Ironically it seems that even the world of Microwaves cannot escape the lure of AI:
https://twitter.com/eumweek/status/1671934323048562710
Microwave makers looking for that 20% bump in stock prices.
Way to articulate the existential questions I have rumbling around in my brain meats after working in data (BI specifically) for the last 23 years or so. A lot has changed, sure, but a lot has really stayed the same, and I doubt the pundit at HBR with a regular "but are you really data driven?" column would still be writing about it if suddenly the world really was all that we have promised it would be. That said, The LLM thing is an interesting one, and as *much* as I raise eyebrows at some of the ethical concerns, this is absolutely the space for the "imperfect" analyst to tinker through to the answers they are looking for. It could potentially be the final blow to that wall that exists between data teams and the business; provided the data isn't garbage. If you take a look at ThoughtSpot, this is what they are doing with their product, albeit to a point. Data modelling still has to be somewhat understood, but otherwise, it positions its tooling as from a Q&A approach.
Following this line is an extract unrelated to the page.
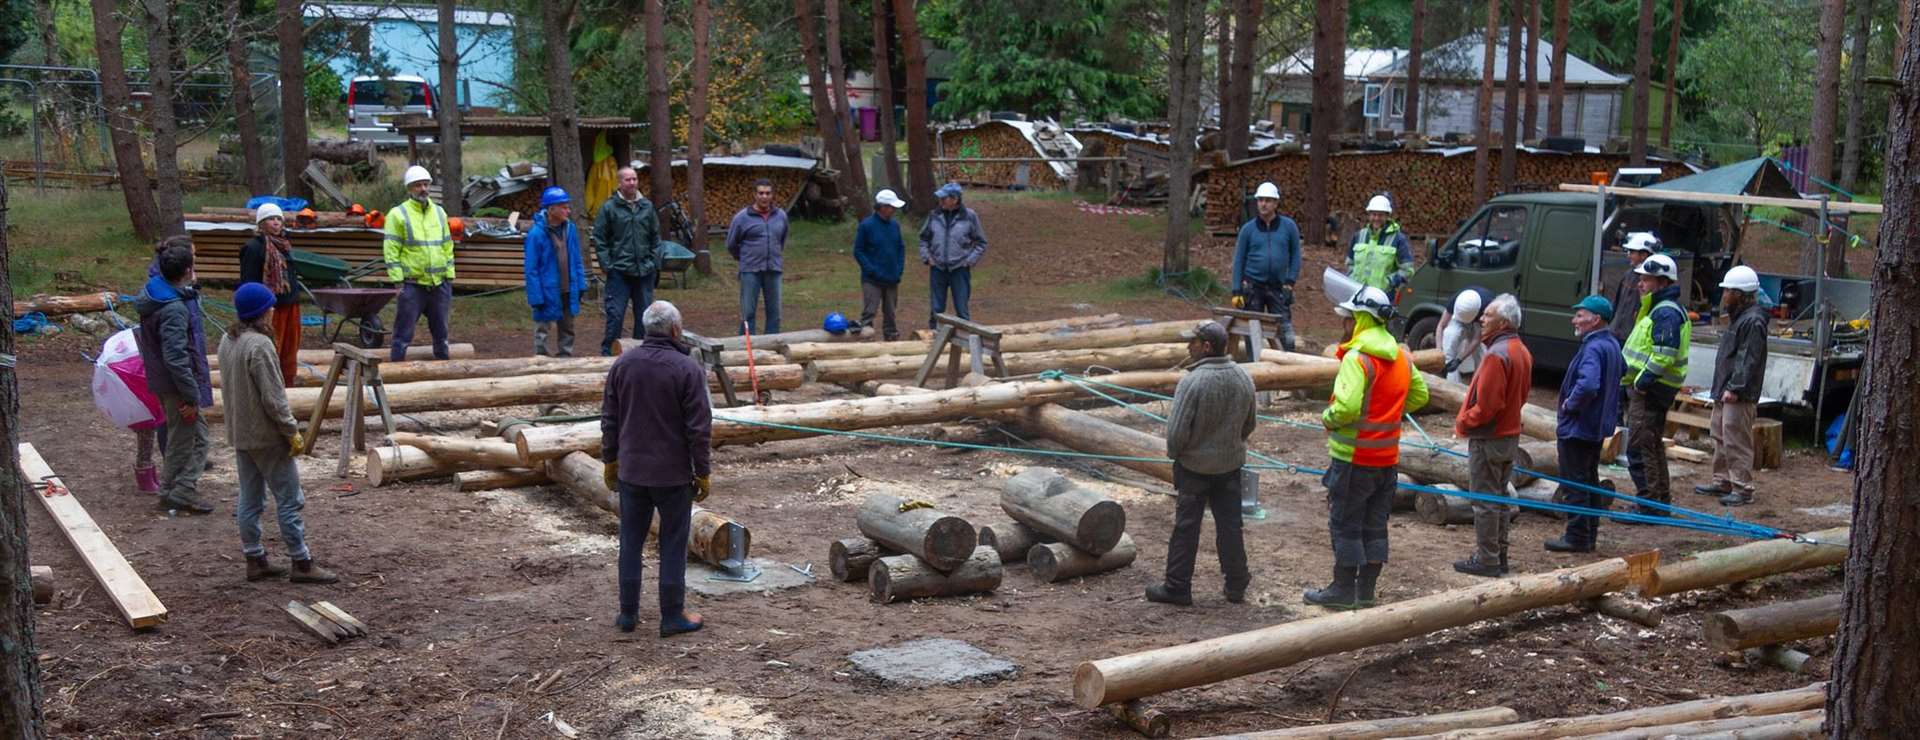 Gathering to help raise the first large wooden frame onto the foundations. Picture by Hugo V.M. Klip

(And this is in no way an official endorsement/advertisement on my part, I have not stake in the company, just somewhat interested in what they are doing)
As someone who now very much has a stake in ThoughtSpot…that’s more or less my thinking. That’s one of reasons we did the deal, to be honest - if AI is going to change this market, their approach seems to be the closest on to getting there. AI will never be a complete solution (the whole data modeling thing still seems like a pretty complicated problem nobody has a great answer to), but their approach to mixing AI with more traditional modeling seems more promising to me than the question-to-SQL-query path.
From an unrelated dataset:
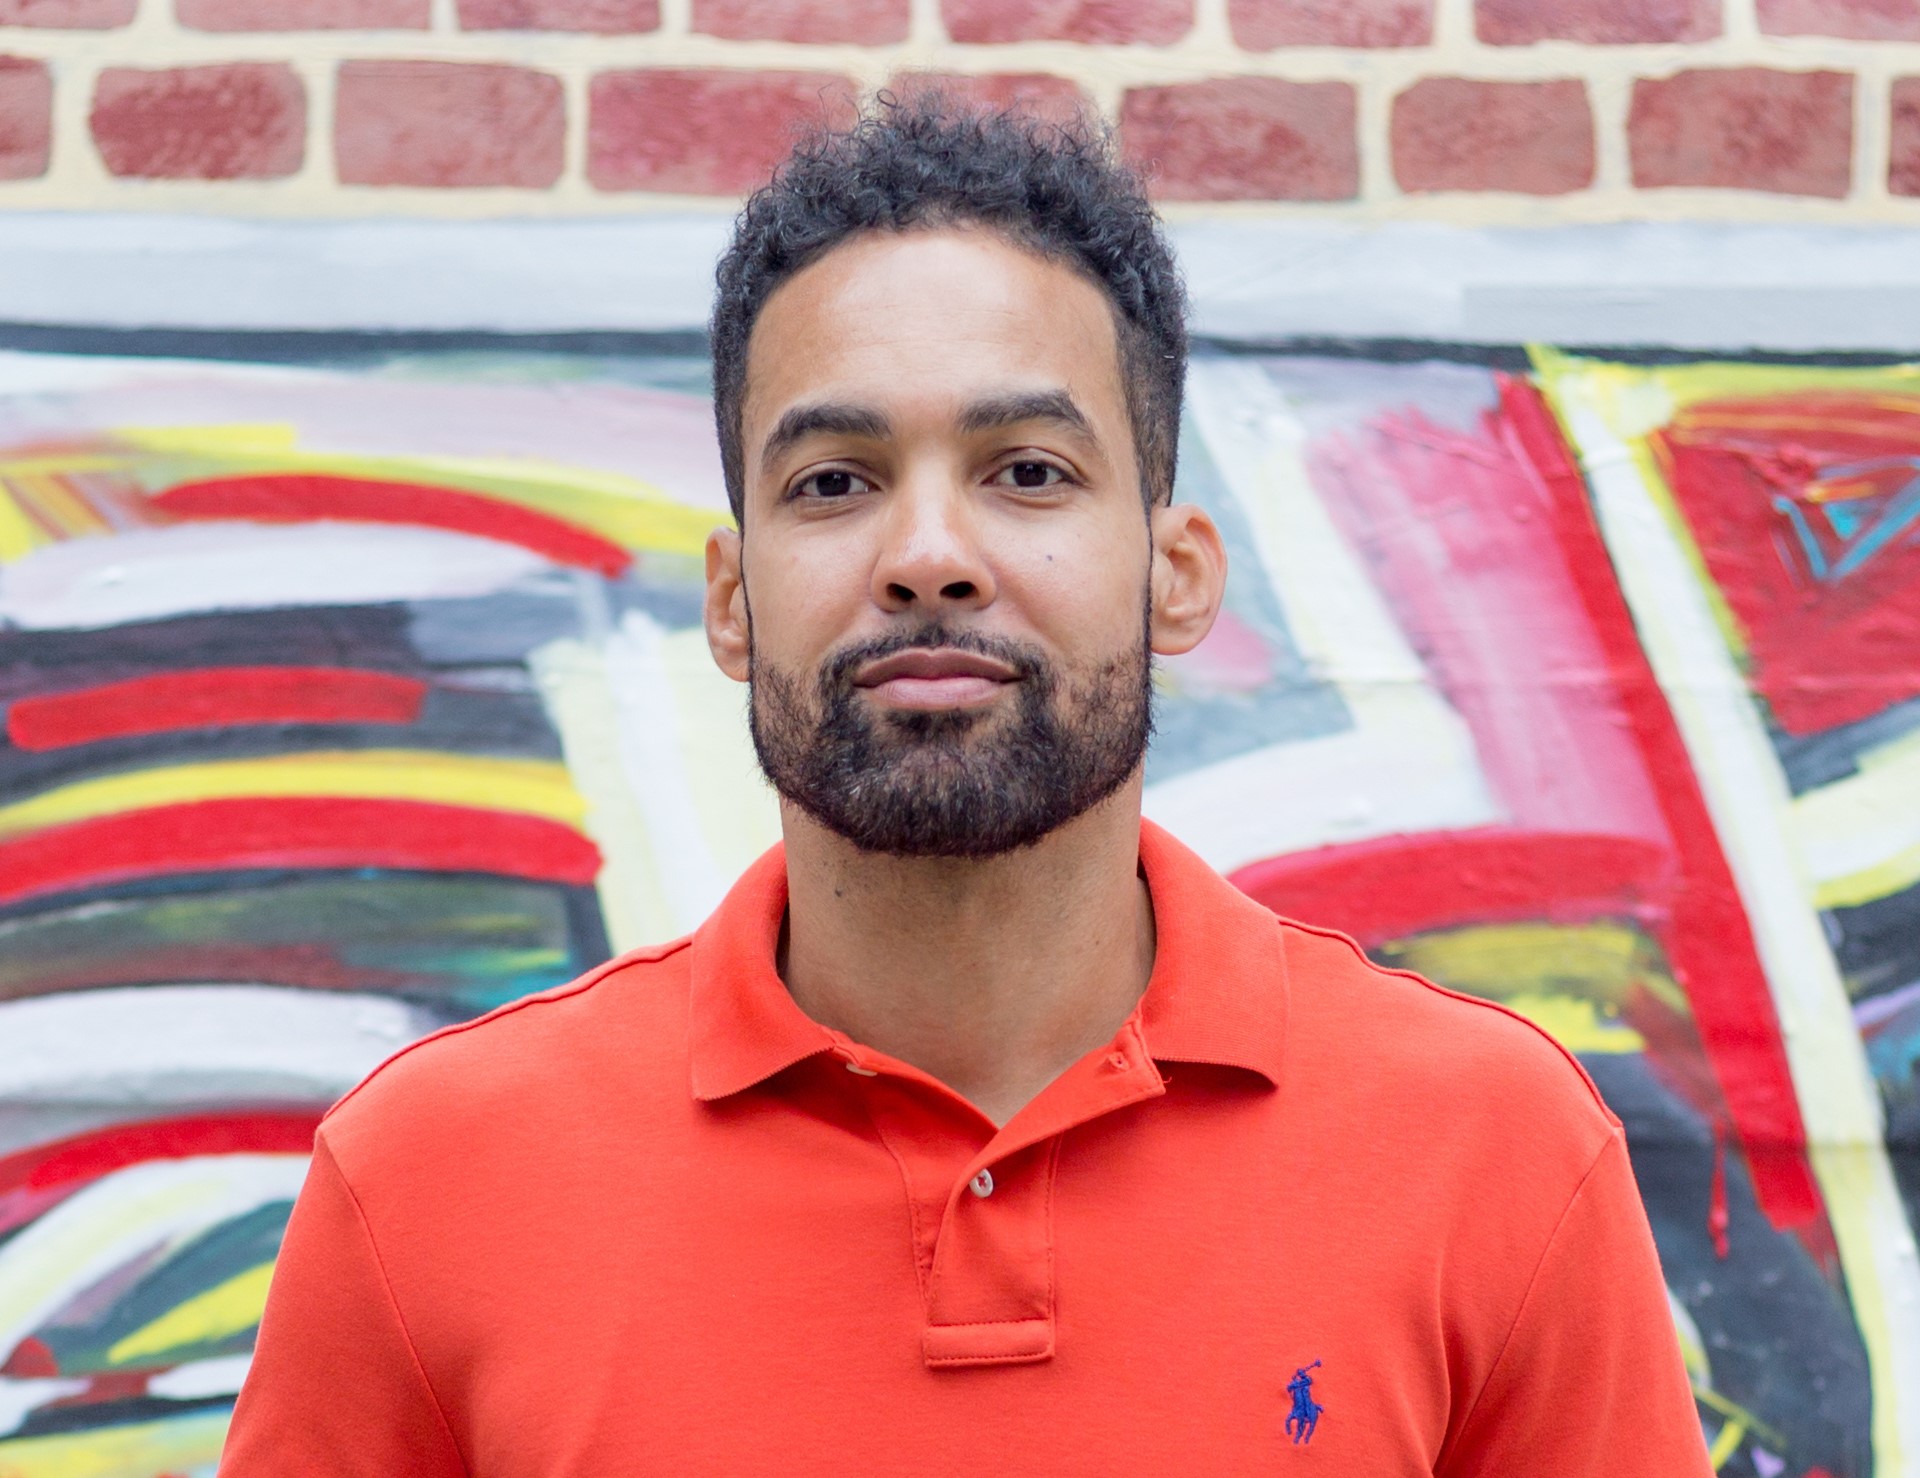 Jasiri X in a polo shirt smiling in front of a brightly painted brick wall.

When I saw the Mode announcement, I thought, wow, my comment was timely. I have a tremendous amount of reservations around AI, and I felt the most comfortable so far with what ThoughtSpot is doing, mixing it with data modelling, and I get the sense they are taking a very thoughtful approach to it. They only I think they need to be careful with is their "crowdsourcing" approach to rating whether a result/output is "accurate", as human bias can be a hell of a drug.
Yeah, that's fair. There's a whole lot to figure out in all of this (and hopefully, with enough basic guardrails that the figuring it out part is one of gradual improvements, and not giant disasters we learn from).